In a vertical electric field driven liquid crystal display, the two electrodes are typically disposed on two respective substrates included in a liquid crystal display panel. In a lateral electric field driven liquid crystal display, the two electrodes are usually disposed on one of the two substrates. It is noted that, in association with lateral electric field driven liquid crystal displays, liquid crystal molecules of the liquid crystal layer disposed adjacent to the substrate including the two electrodes are more easily controlled than liquid crystal molecules of the liquid crystal layer disposed adjacent to the other substrate not including the two electrodes. In this manner, light transmittance may be reduced, and a driving voltage used to control the liquid crystal molecules is typically higher than a vertical electric field driven liquid crystal display.
The above information disclosed in this Background section is only for enhancement of understanding of the background of the invention, and, therefore, it may contain information that does not form the prior art that is already known in this country to a person of ordinary skill in the art.
Exemplary embodiments provide liquid crystal displays configured to improve light transmittance and reduce driving voltage.
Exemplary embodiments provide a method of manufacturing the liquid crystal displays.
Additional aspects will be set forth in the detailed description which follows and, in part, will be apparent from the disclosure, or may be learned by practice of the invention.
According to exemplary embodiments, a liquid crystal display includes: a first substrate, a second substrate, and a liquid crystal layer disposed between the first substrate and the second substrate. The first substrate includes: a first base substrate, a gate line disposed on the first base substrate, a first electrode disposed on the first base substrate, the first electrode configured to receive a driving voltage, a data line crossing the gate line, a bump disposed on and formed along the data line, and a second electrode including: a shielding electrode portion disposed on the bump, and a common electrode portion disposed in association with a center portion of the first electrode, the second electrode configured to receive a reference voltage. The second substrate includes: a second base substrate facing the first base substrate, and color filters disposed on the second base substrate. Adjacent color filters partially overlap one another in a region comprising the bump to provide a protrusion portion protruded from the second base substrate towards the first base substrate.

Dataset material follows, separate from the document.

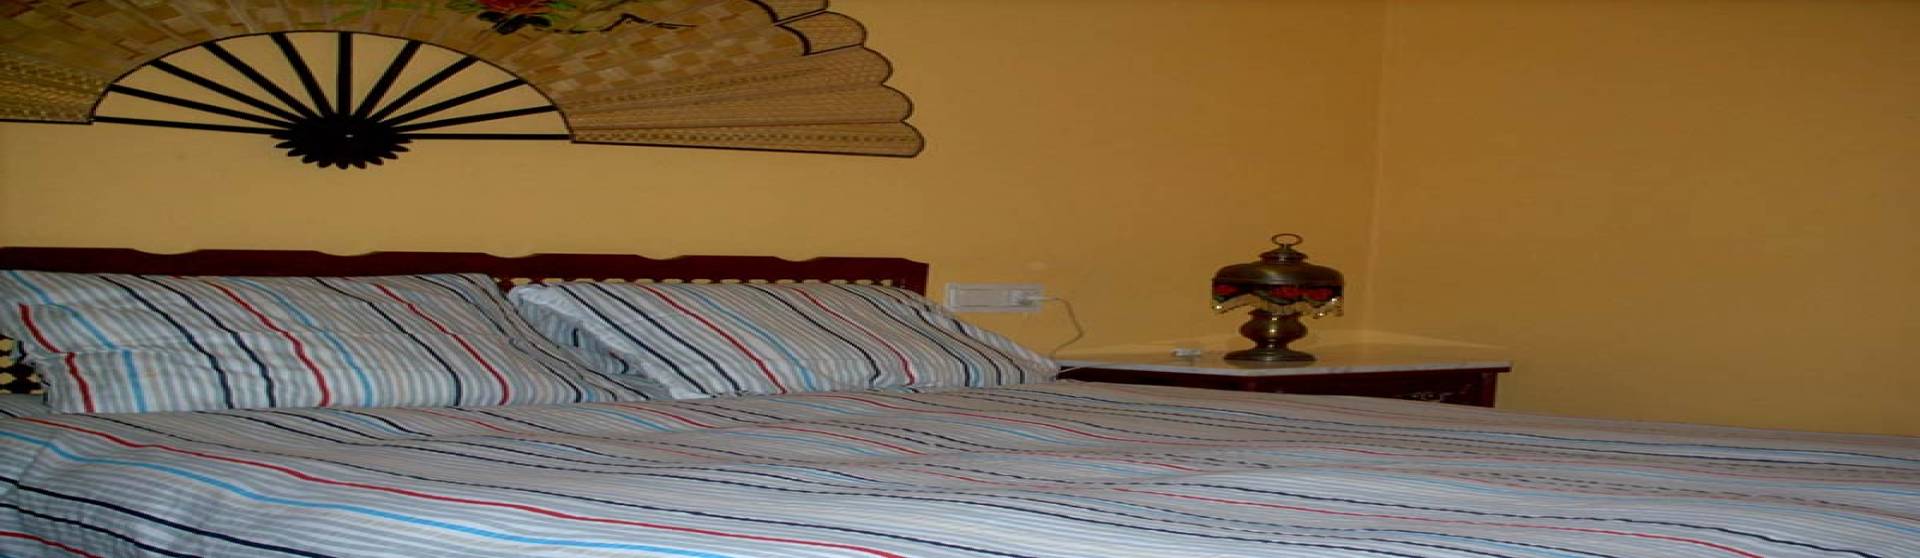 1 Schlafzimmer, Apartement, Ferienhaus, Ctra. del Faro de Trafalgar , Listing ID 1108, Barbate Cádiz, Andalusien, Spanien, 11159,

According to exemplary embodiments, a method of manufacturing a liquid crystal display includes: forming a first substrate, forming a second substrate, and forming a liquid crystal layer between the first substrate and the second substrate. Formation of the first substrate includes: forming a gate line and a first electrode on a first base substrate, the first electrode being configured to receive a driving voltage, forming a gate insulating layer on the gate line and is the first electrode, forming a data line on the gate insulating layer to cross the gate line, forming a protective layer on the data line, forming a bump on the protective layer along the data line, and forming a second electrode including a shielding electrode portion disposed on the bump and a common electrode portion disposed in association with a center portion of the first electrode, the second electrode being configured to receive a reference voltage. Formation of the second substrate includes: forming color filters on a second base substrate facing the first base substrate. Adjacent color filters are formed to partially overlap one another in a region including the bump to provide a protrusion portion protruded from the second base substrate towards the first base substrate.
According to exemplary embodiments, the bump is formed along the data line and the shielding electrode portion is formed on the bump. In this manner, the liquid crystal molecules may be more easily controlled and the transmittance may be improved. To this end, the power consumption of the liquid crystal display may be reduced. In addition, since the cell gap may be determined based on the protrusion portion disposed on the second substrate, which is provided by the color pixel, and the bump on the first substrate, a separate spacer, which is typically utilized to maintain the cell gap, may be omitted. To this end, a process of forming the spacer may be omitted when the liquid crystal display is being manufactured. In this manner, the manufacturing process may not only be simplified, but the cost thereof may be reduced.
The foregoing general description and the following detailed description are exemplary and explanatory and are intended to provide further explanation of the invention as claimed.
The accompanying drawings, which are included to provide a further understanding of the invention and are incorporated in and constitute a part of this specification, illustrate exemplary embodiments of the invention, and together with the description serve to explain the principles of the invention.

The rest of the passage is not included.